--- DATA FOR PROCESSING Enclosed Below ---
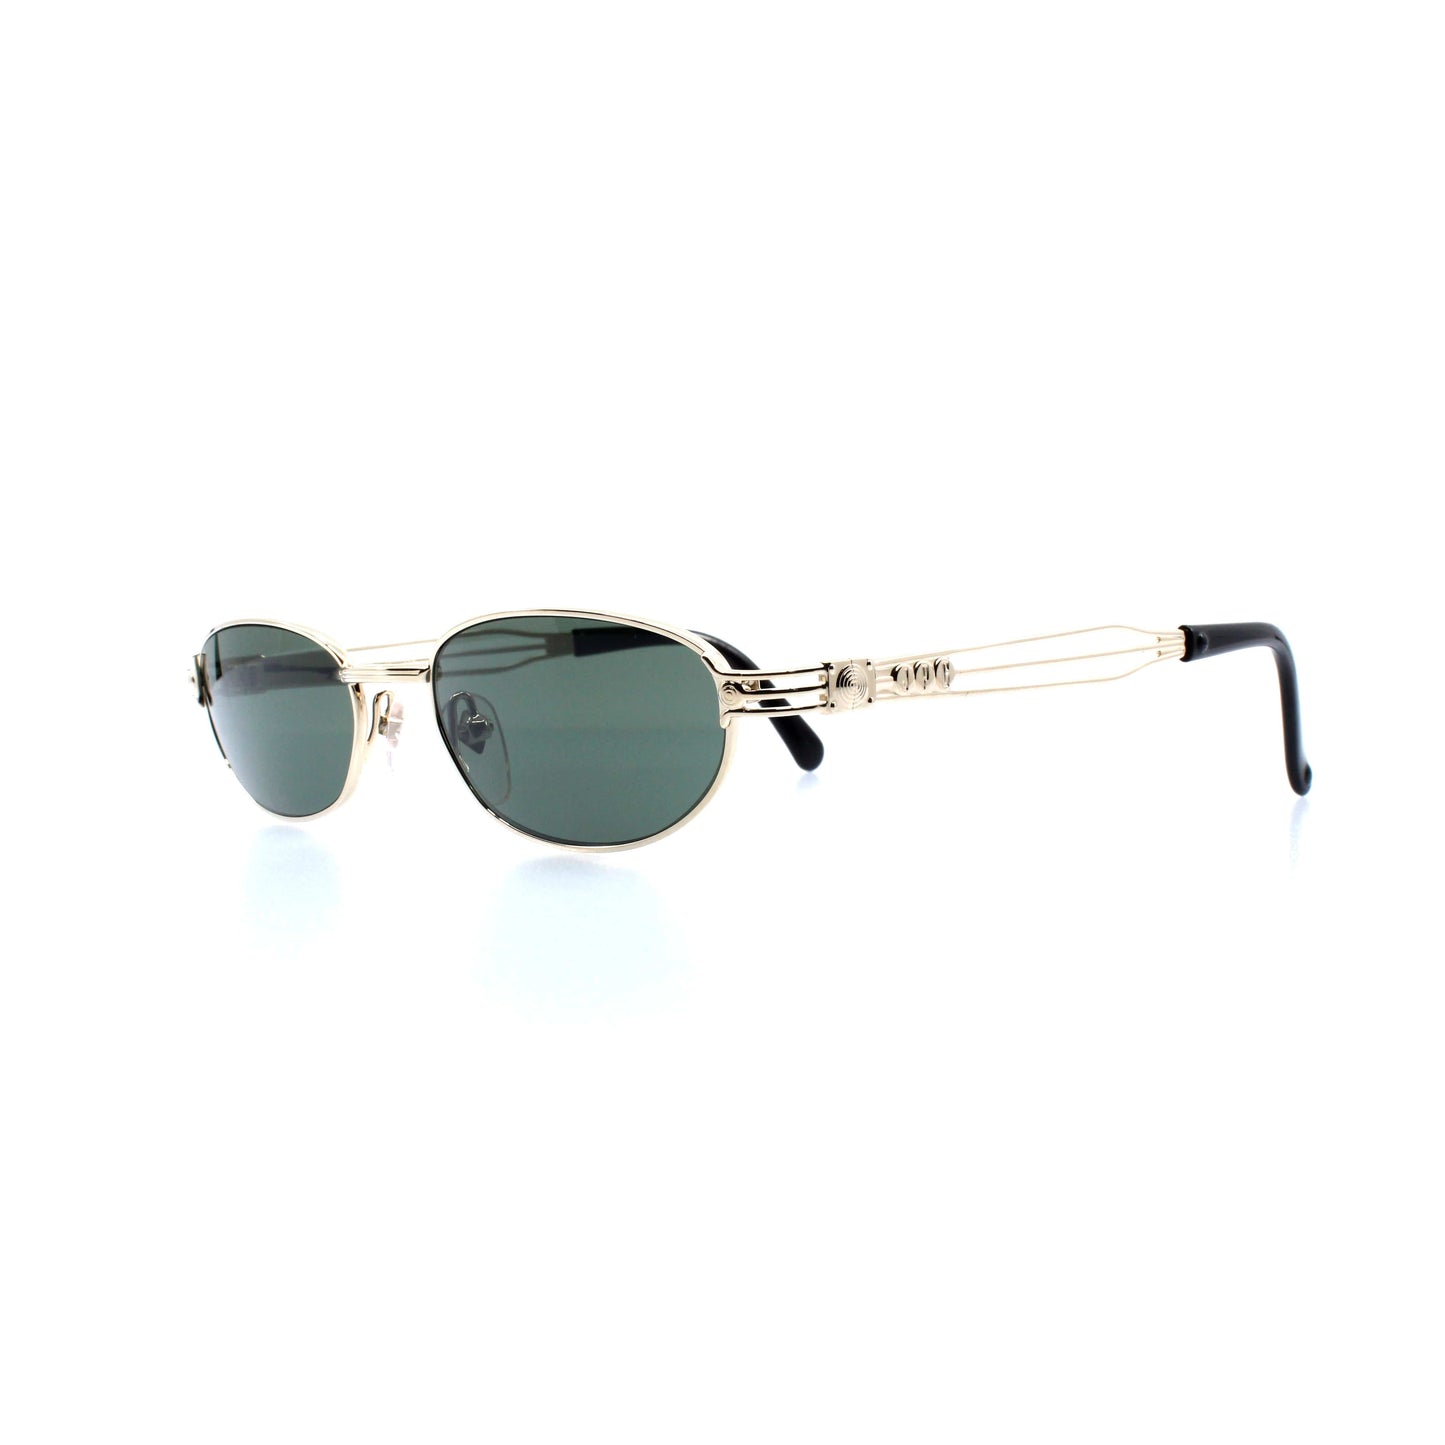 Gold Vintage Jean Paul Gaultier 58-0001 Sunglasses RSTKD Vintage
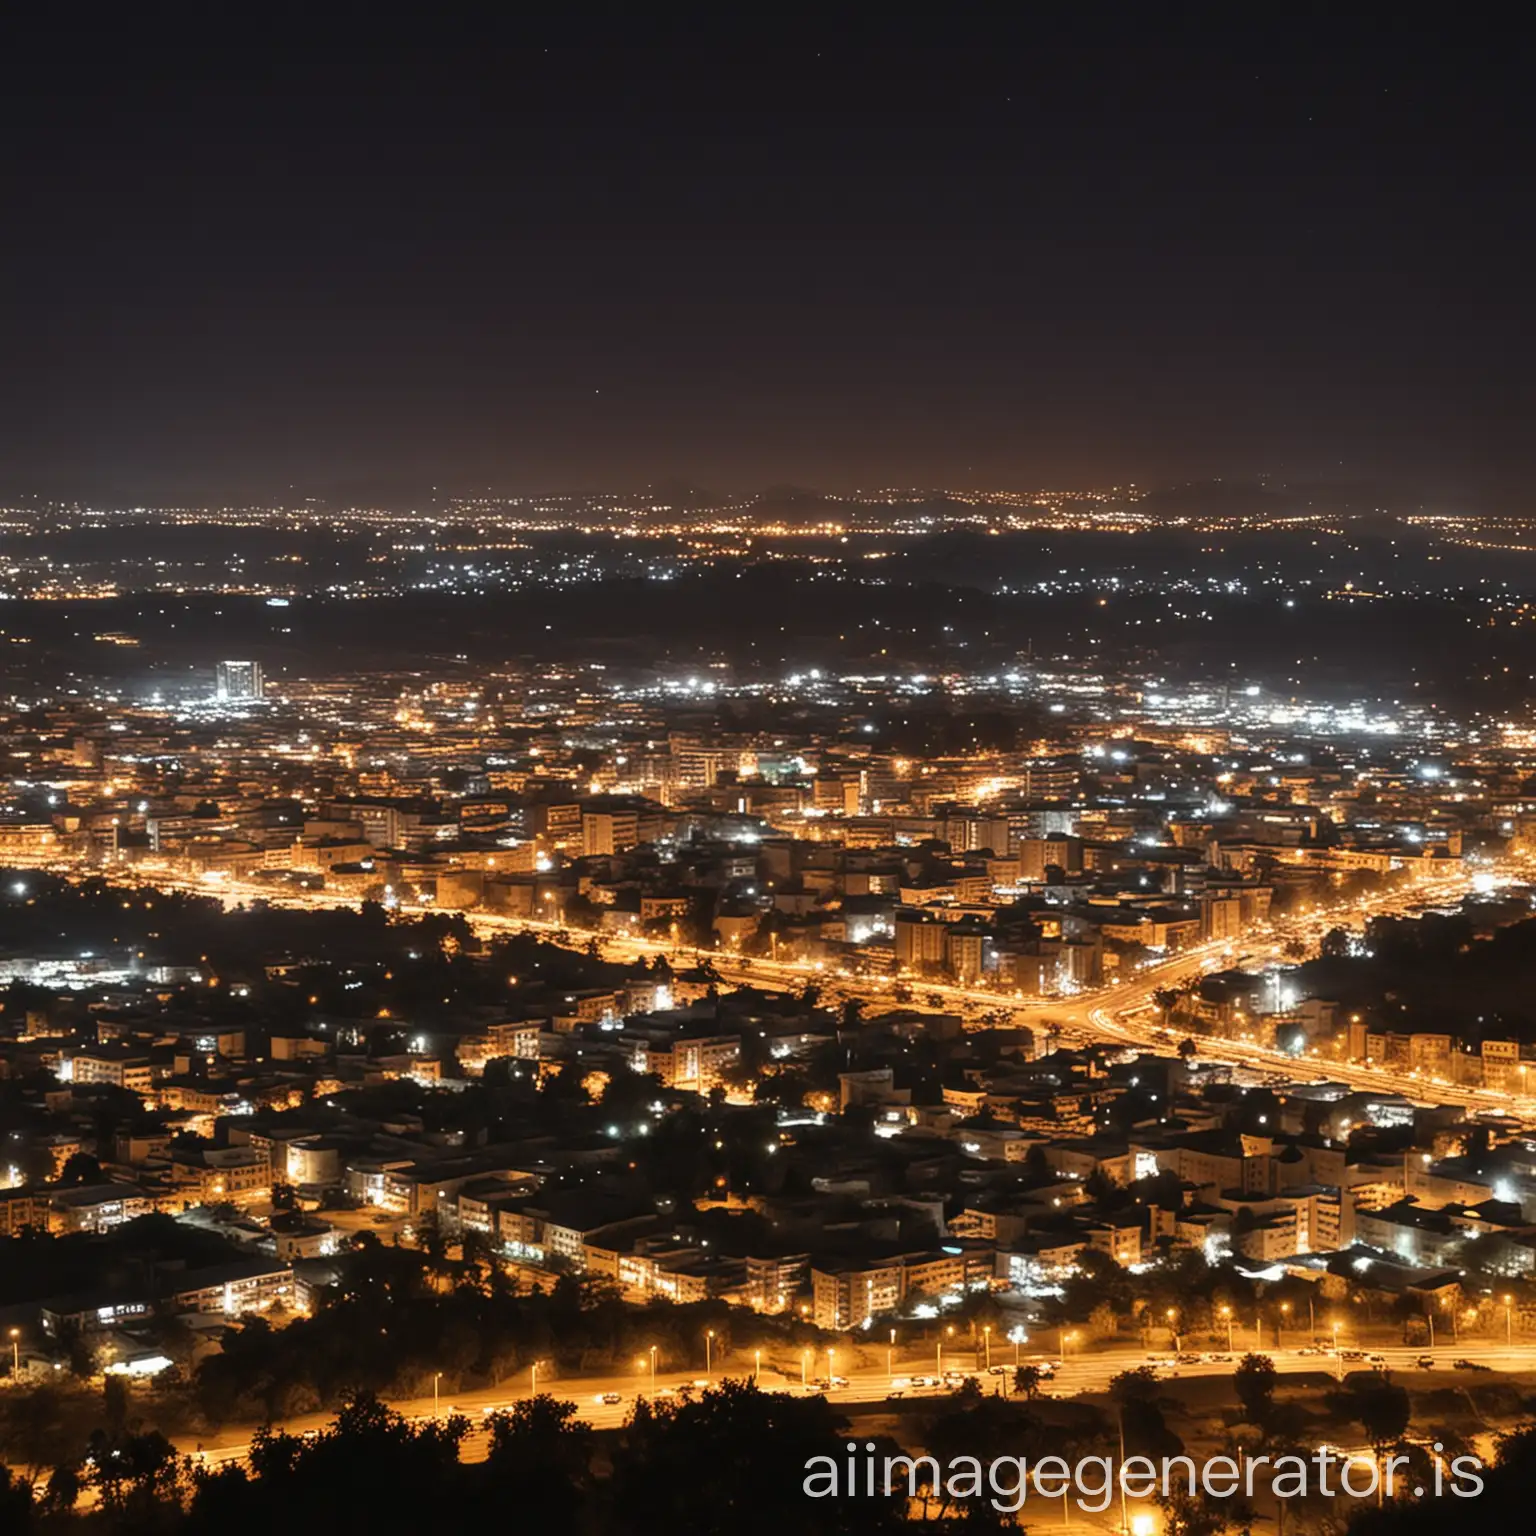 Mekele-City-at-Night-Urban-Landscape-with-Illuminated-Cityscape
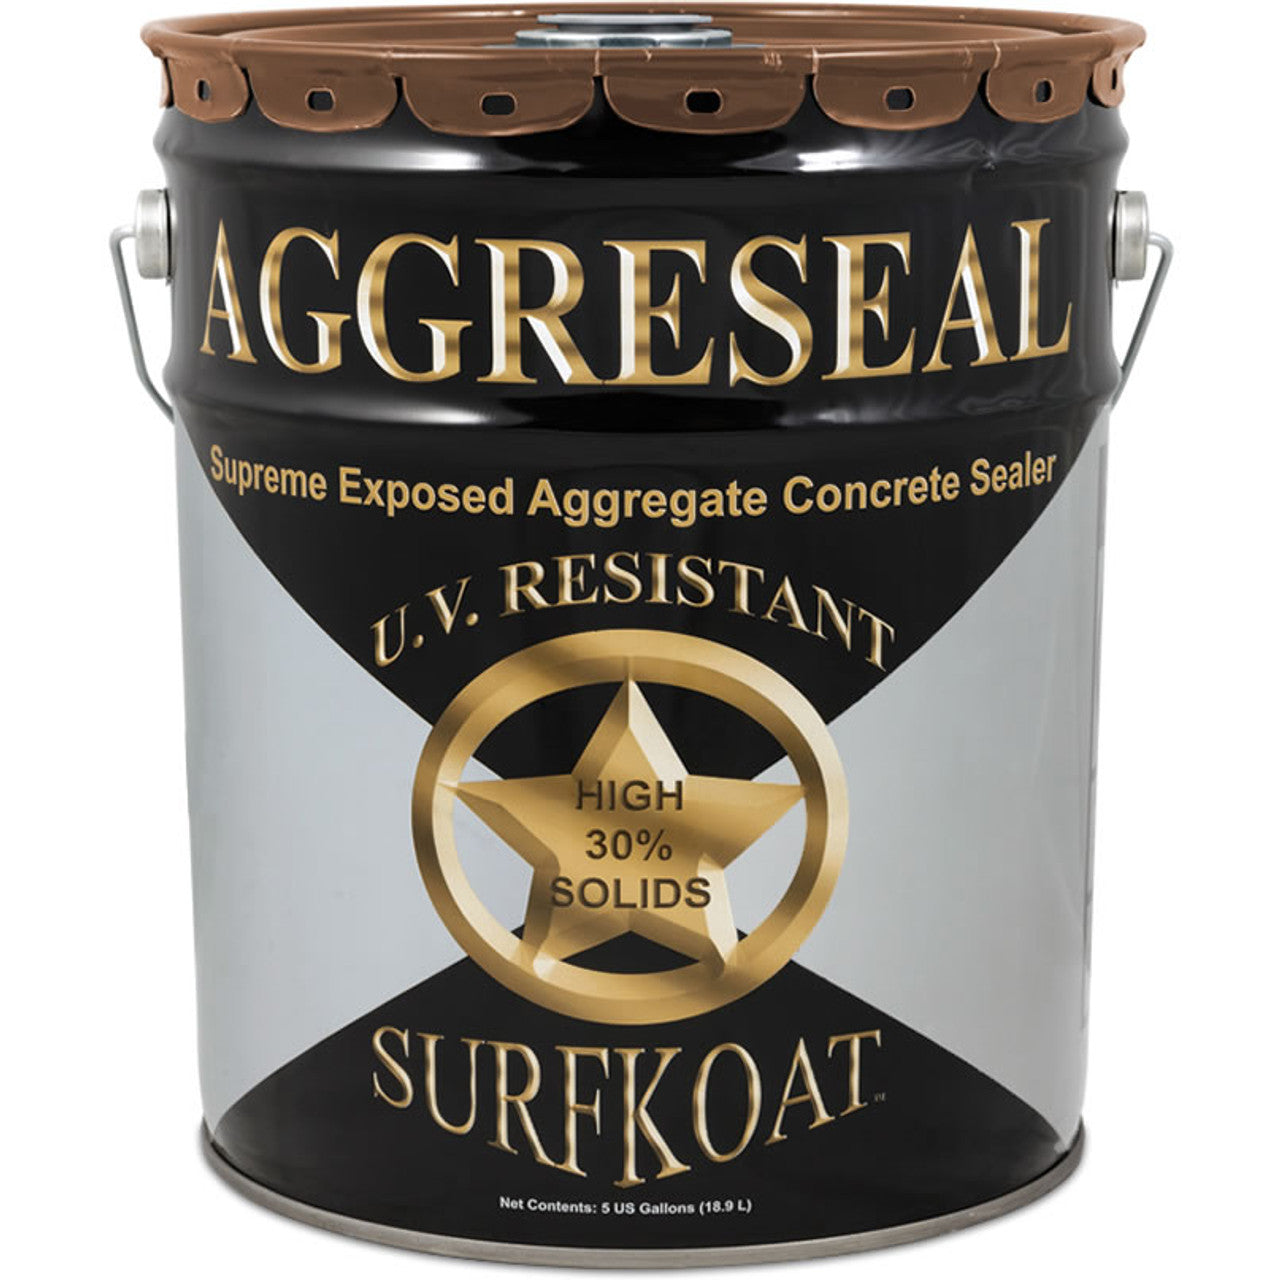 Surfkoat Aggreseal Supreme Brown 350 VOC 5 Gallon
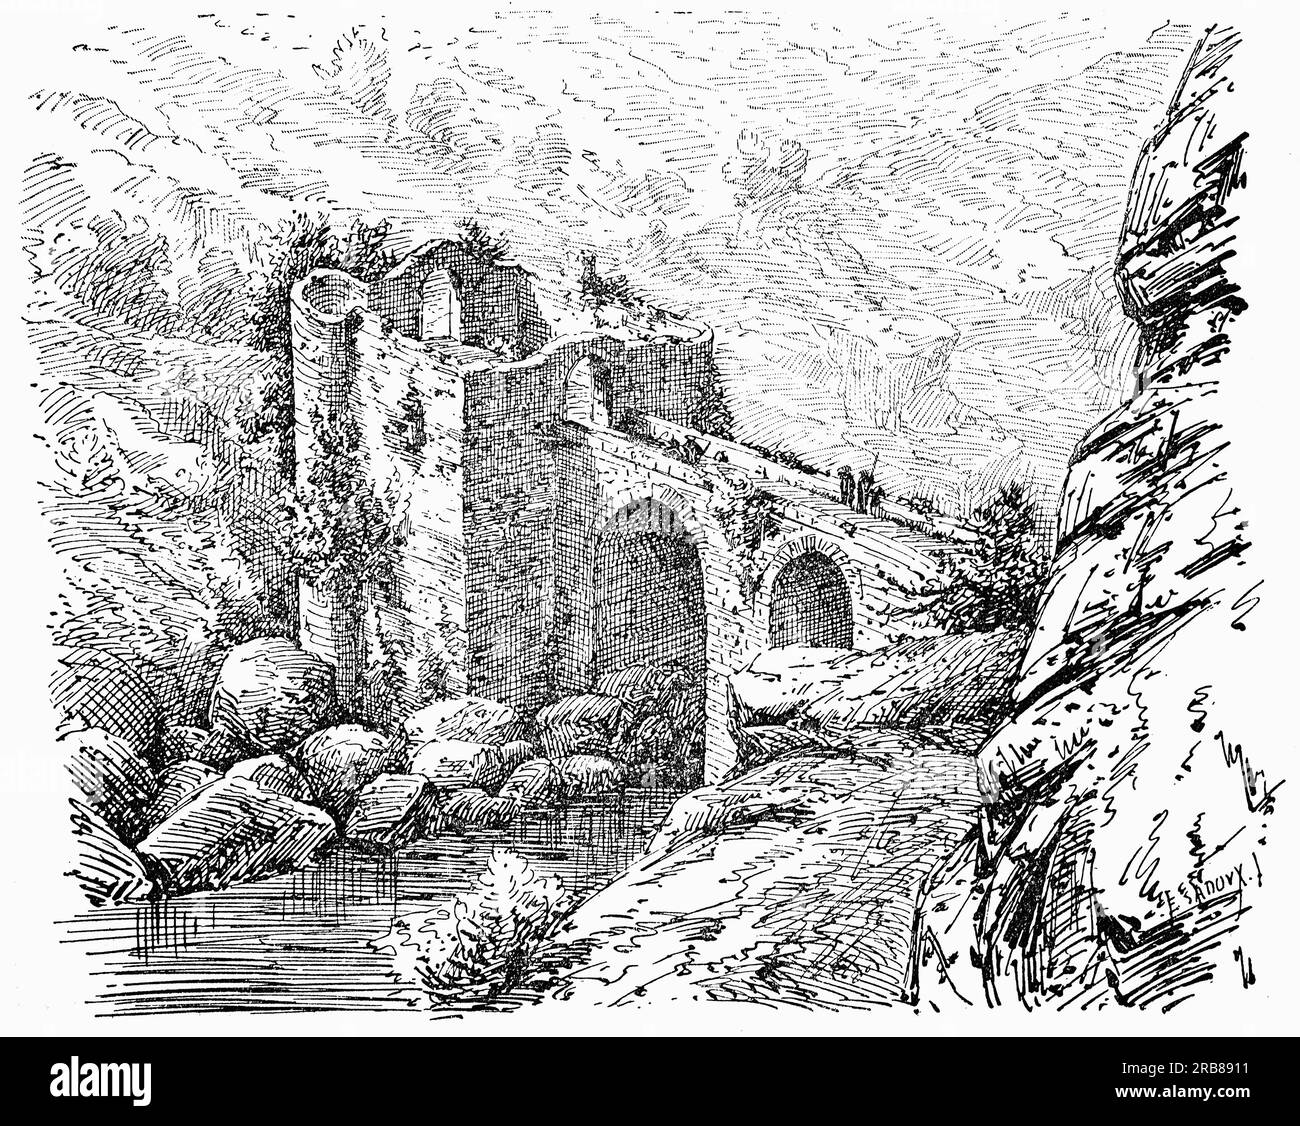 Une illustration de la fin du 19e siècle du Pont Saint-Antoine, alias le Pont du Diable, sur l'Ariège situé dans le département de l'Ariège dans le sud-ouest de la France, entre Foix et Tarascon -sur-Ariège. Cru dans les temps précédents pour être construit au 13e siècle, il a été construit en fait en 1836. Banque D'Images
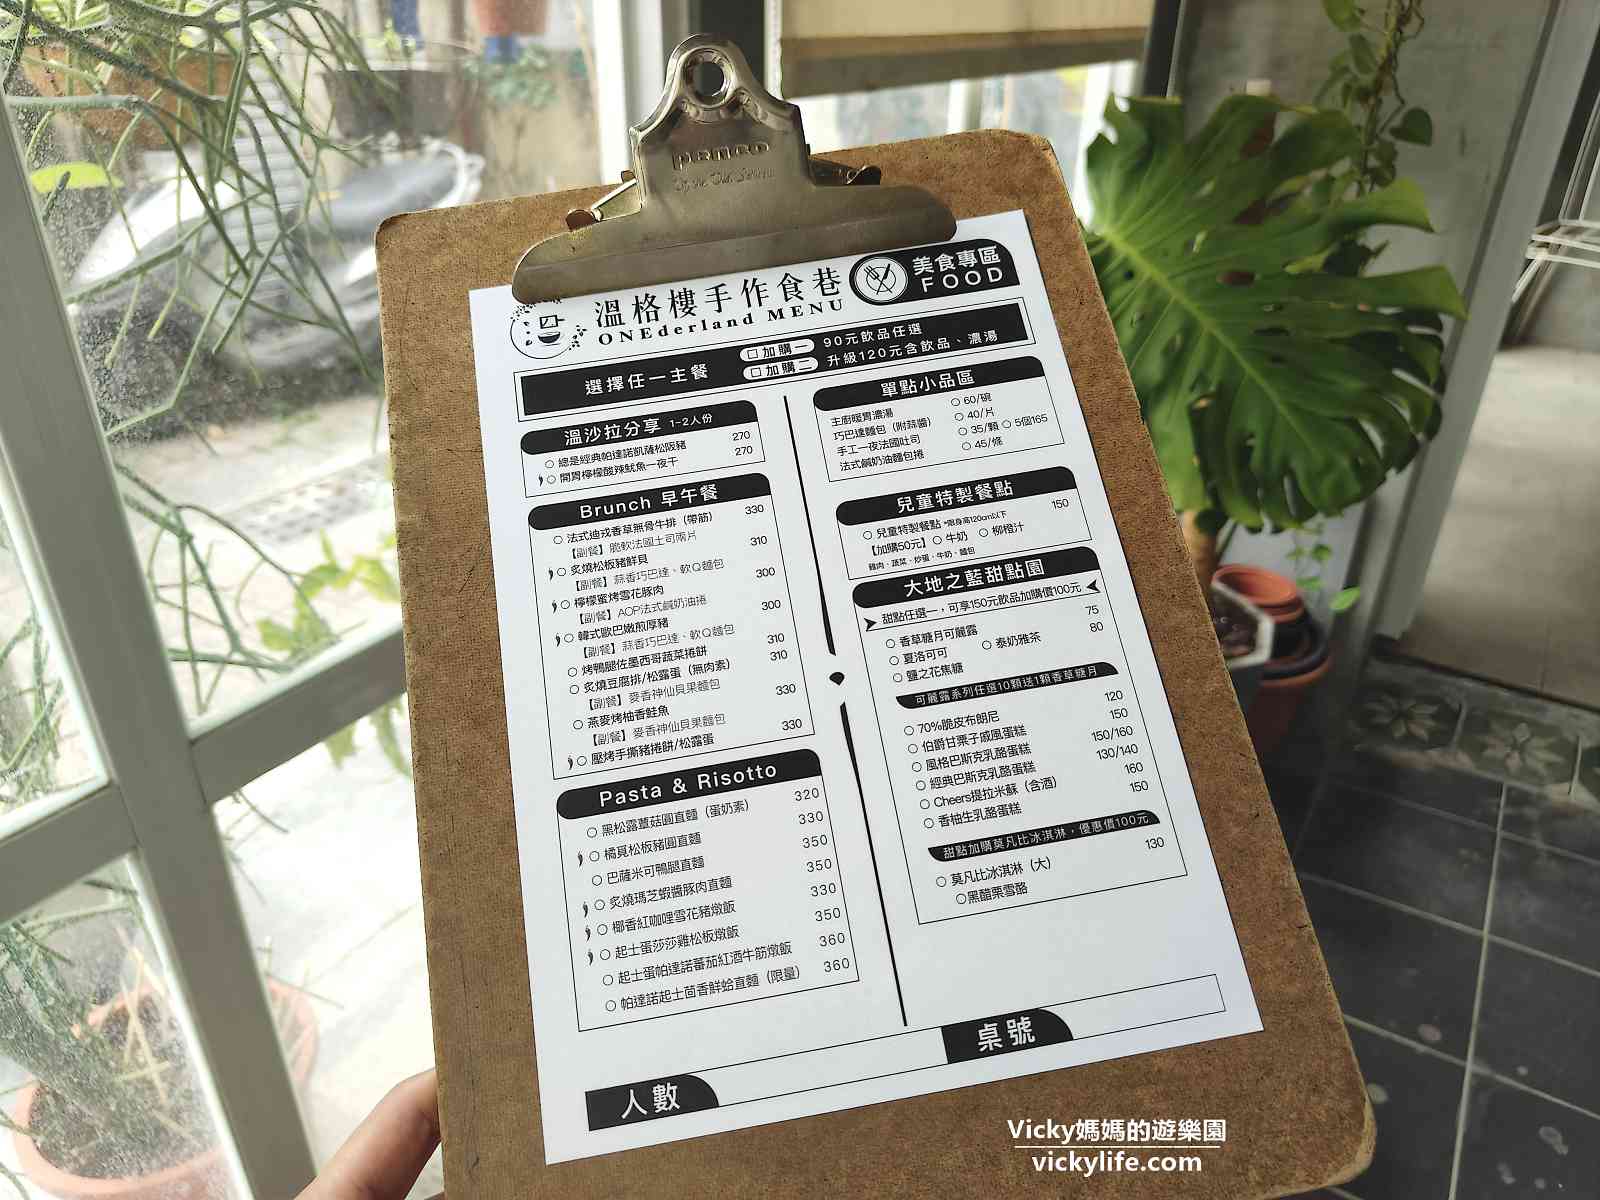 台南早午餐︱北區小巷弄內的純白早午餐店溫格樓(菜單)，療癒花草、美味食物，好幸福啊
--- End of Enclosed DATA FOR PROCESSING ---
TO DO -
Each entry is to be given again exactly as it stands, with its pictures removed.

WRITTEN SOLUTION -
 Gold Vintage Jean Paul Gaultier 58-0001 Sunglasses RSTKD Vintage
 Mekele-City-at-Night-Urban-Landscape-with-Illuminated-Cityscape
 Surfkoat Aggreseal Supreme Brown 350 VOC 5 Gallon
 Une illustration de la fin du 19e siècle du Pont Saint-Antoine, alias le Pont du Diable, sur l'Ariège situé dans le département de l'Ariège dans le sud-ouest de la France, entre Foix et Tarascon -sur-Ariège. Cru dans les temps précédents pour être construit au 13e siècle, il a été construit en fait en 1836. Banque D'Images
 台南早午餐︱北區小巷弄內的純白早午餐店溫格樓(菜單)，療癒花草、美味食物，好幸福啊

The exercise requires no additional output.